SPIN: SE(3)-Invariant Physics Informed Network for Binding Affinity Prediction

TL;DR

SPIN is a novel SE(3)-invariant physics-informed neural network that improves protein-ligand binding affinity prediction by incorporating geometric and physicochemical biases, leading to better generalization and practical drug discovery applications.

Contribution

The paper introduces SPIN, a physics-informed neural network that integrates geometric and physicochemical biases to enhance binding affinity prediction accuracy and generalization.

Findings

Outperforms existing models on CASF-2016 and CSAR HiQ benchmarks.

Demonstrates effectiveness in virtual screening tasks.

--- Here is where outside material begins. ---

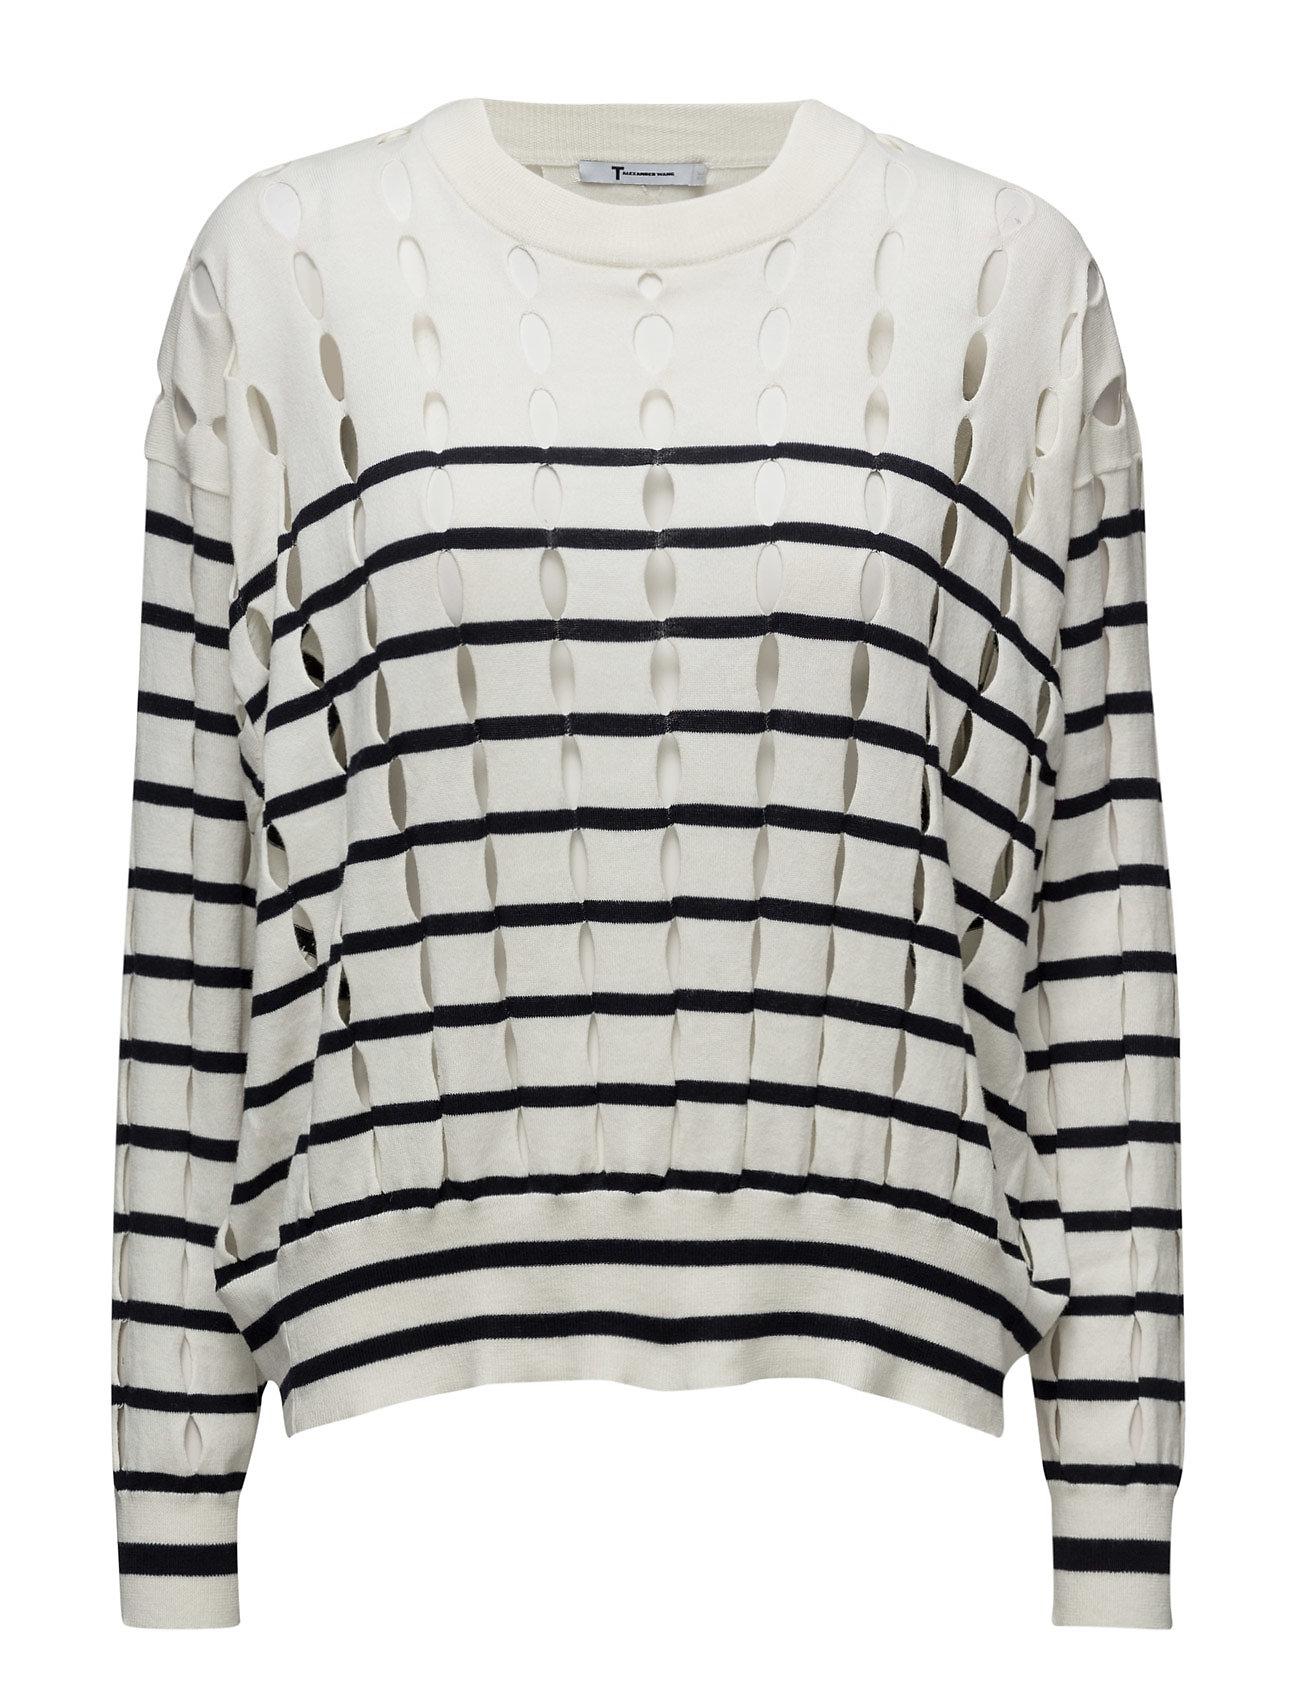 Stripe Cotton Crewneck Pullover With Slits T by Alexander Wang Sweatshirts til Damer i

Validated through interpretability and reliability assessments.

Abstract

Accurate prediction of protein-ligand binding affinity is crucial for rapid and efficient drug development. Recently, the importance of predicting binding affinity has led to increased attention on research that models the three-dimensional structure of protein-ligand complexes using graph neural networks to predict binding affinity. However, traditional methods often fail to accurately model the complex's spatial information or rely solely on geometric features, neglecting the principles of protein-ligand binding. This can lead to overfitting, resulting in models that perform poorly on independent datasets and ultimately reducing their usefulness in real drug development. To address this issue, we propose SPIN, a model designed to achieve superior generalization by incorporating various inductive biases applicable to this task, beyond merely training on empirical data from datasets. For prediction, we defined two types of inductive biases: a geometric perspective that maintains consistent binding affinity predictions regardless of the complexs rotations and translations, and a physicochemical perspective that necessitates minimal binding free energy along their reaction coordinate for effective protein-ligand binding. These prior knowledge inputs enable the SPIN to outperform comparative models in benchmark sets such as CASF-2016 and CSAR HiQ. Furthermore, we demonstrated the practicality of our model through virtual screening experiments and validated the reliability and potential of our proposed model based on experiments assessing its interpretability.